Here’s what I do for production systems:
# Test harness: same input, same parameters, 10 runs
import anthropic
client = anthropic.Anthropic()
input_prompt = "Extract the company name from: Acme Corp filed for IPO yesterday."
results = []
for i in range(10):
response = client.messages.create(
model="claude-3-5-sonnet-20241022",
max_tokens=50,
temperature=0.3,
top_p=0.9,
messages=[{
"role": "user",
"content": input_prompt
}]
)
results.append(response.content[0].text)
# Check for variance
unique_outputs = set(results)
print(f"Unique outputs from 10 runs: {len(unique_outputs)}")

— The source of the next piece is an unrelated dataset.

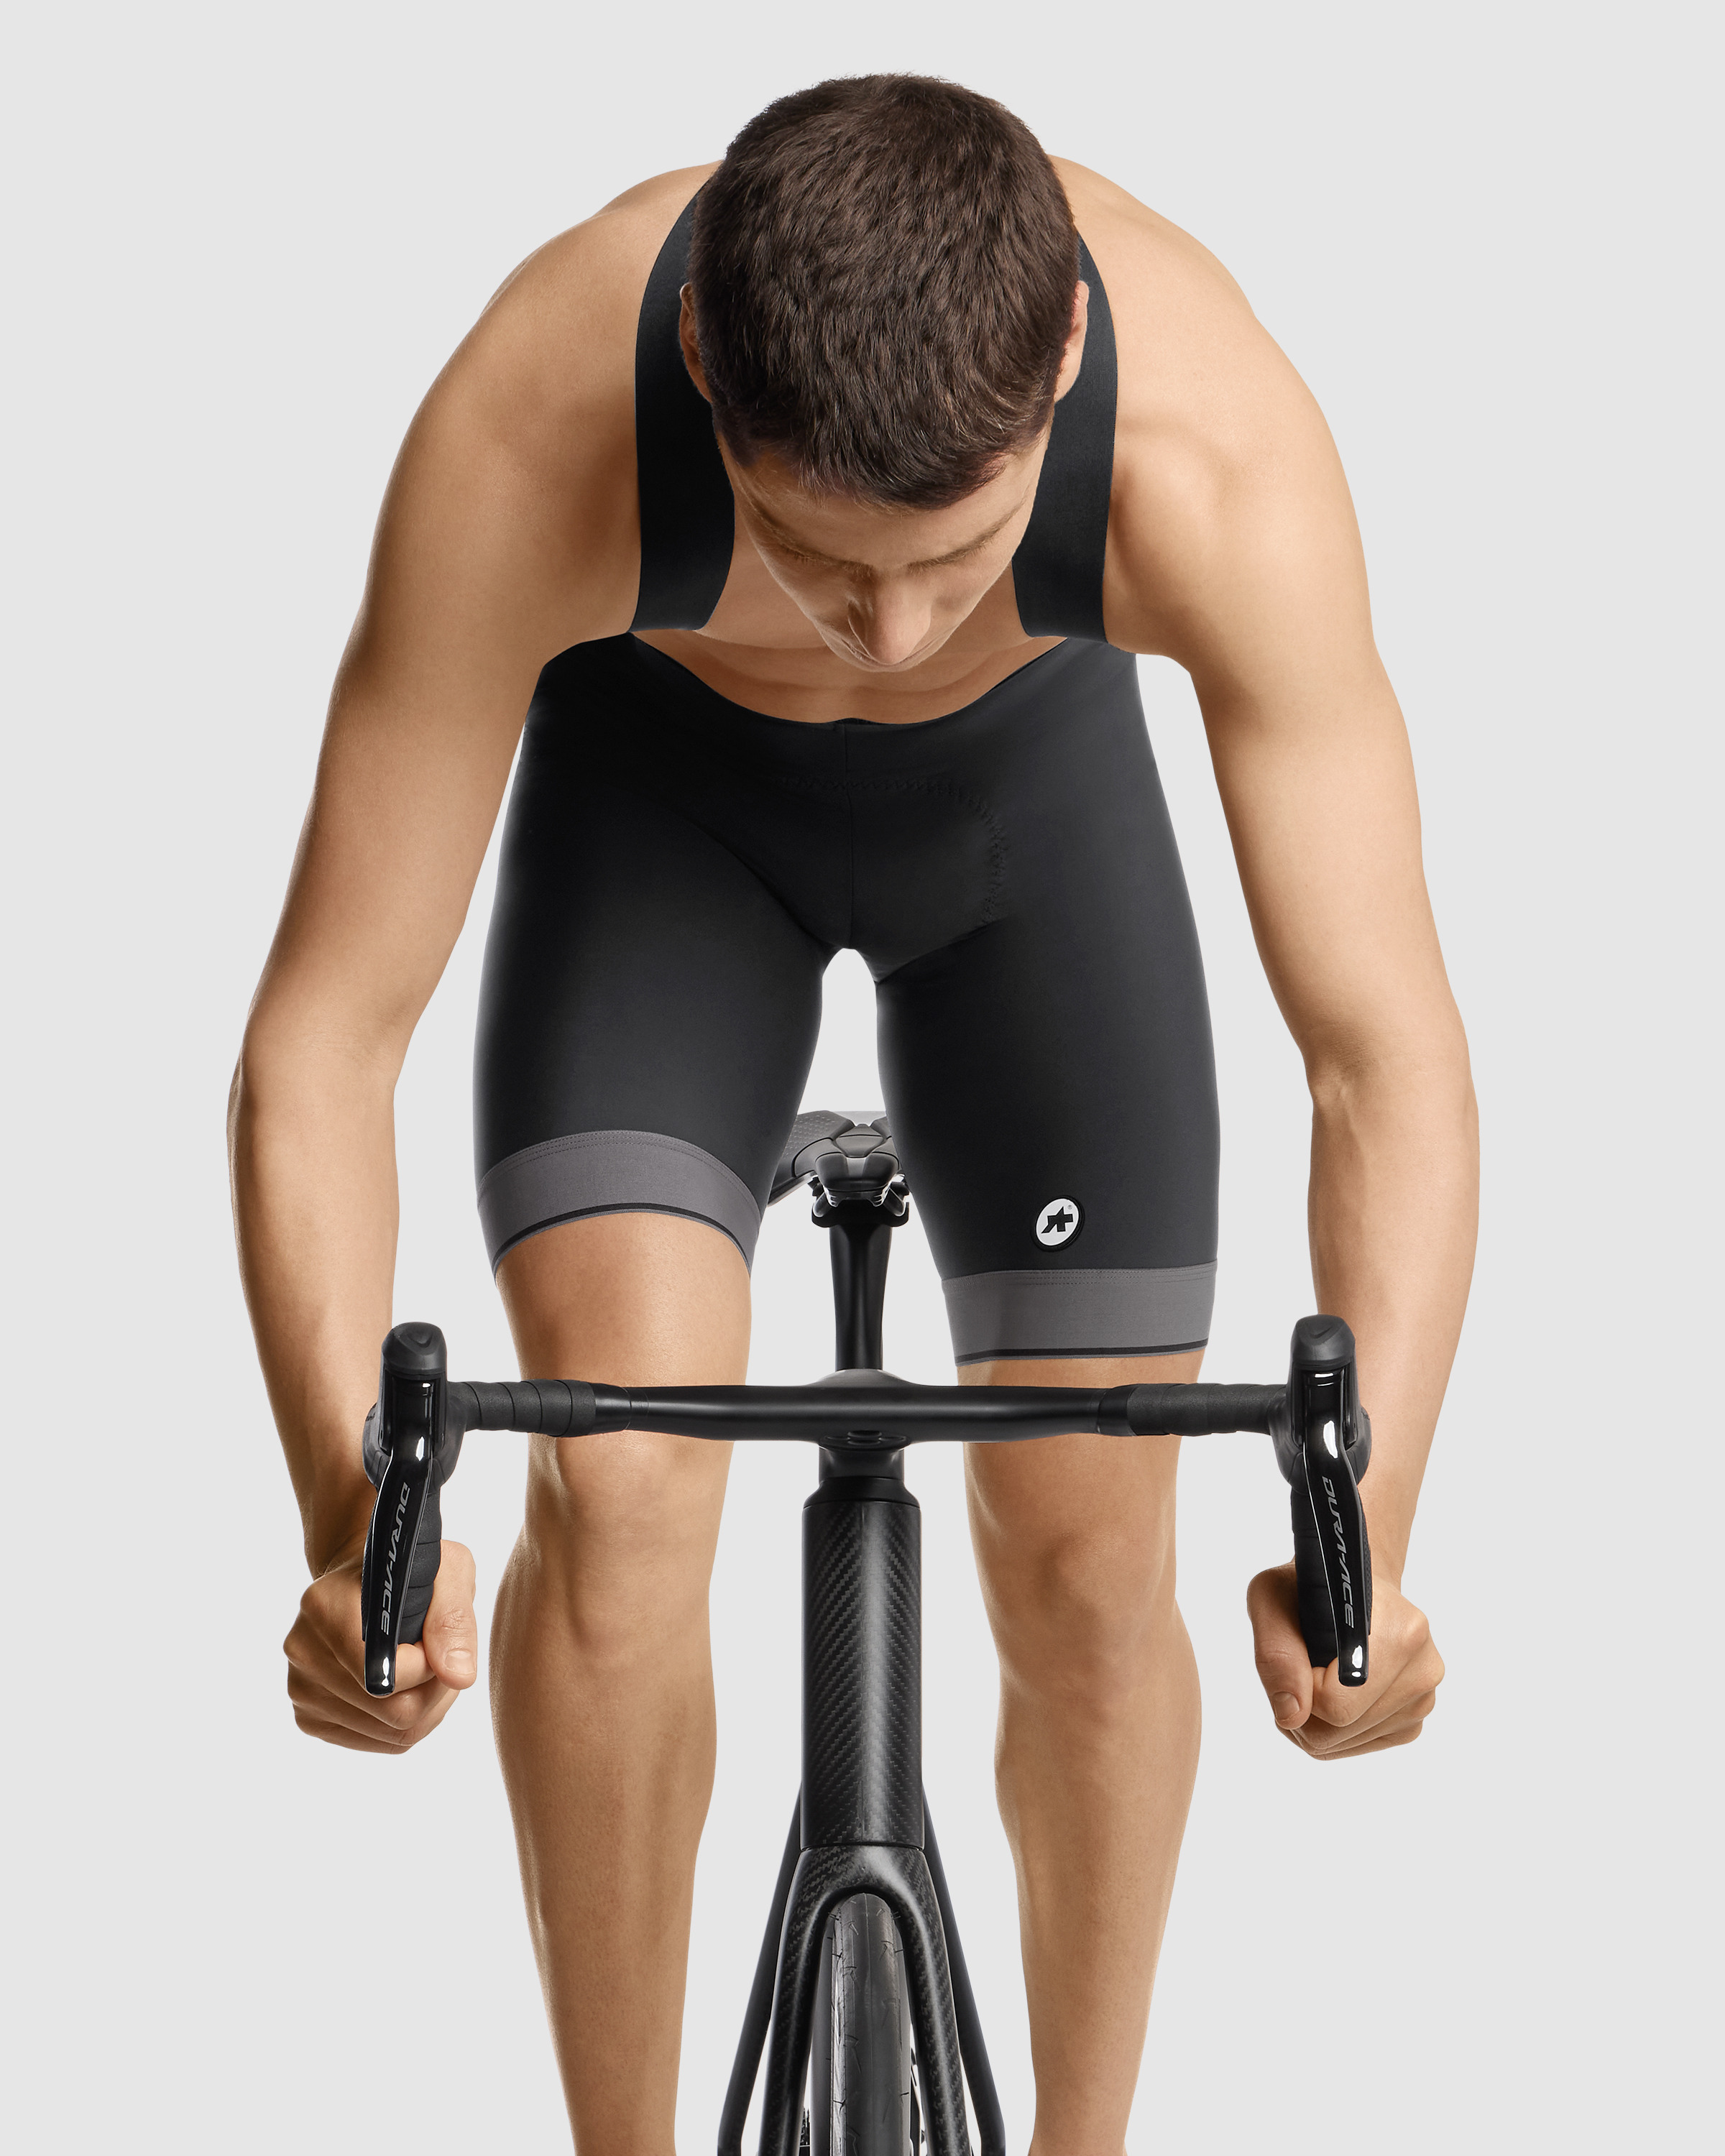 REFORM BIB SHORTS P1 - ASSOS Of Switzerland - Official Outlet

for output in unique_outputs:
print(f" - {output}")
Run this 10 times. If you get 8 identical outputs and 2 variations, your parameters are too high. If you get 10 different outputs, they’re too low. Aim for 0–2 unique outputs for structured tasks, 5–8 for open-ended ones.
The Parameter You’re Missing: Seed (When Available)
Temperature and top-p control randomness within bounds. If you need true reproducibility—same output every single time—some APIs support seed (OpenAI with GPT-4o and later models, Anthropic with Claude Sonnet 4 and later).
A seed doesn’t guarantee identical output across model versions, but it guarantees identical output for the same model version and parameters. If you’re building a system where output variance breaks downstream processes, seed + temperature 0.3 is your move.
Starting Point: One Action Today
Pick one production system you’re running. Log into your API dashboard and check what temperature and top-p you’re currently using. If they’re set to the API defaults and you’re seeing unexpected variance, change them to 0.3 and 0.9 respectively for your next 100 requests. Measure consistency. If it’s still inconsistent, lower temperature to 0. If it becomes too repetitive, raise top-p to 0.95 and try again.
Don’t tune everything at once. Change one parameter, measure, repeat. In a week you’ll know what works for your specific use case—not theory, fact.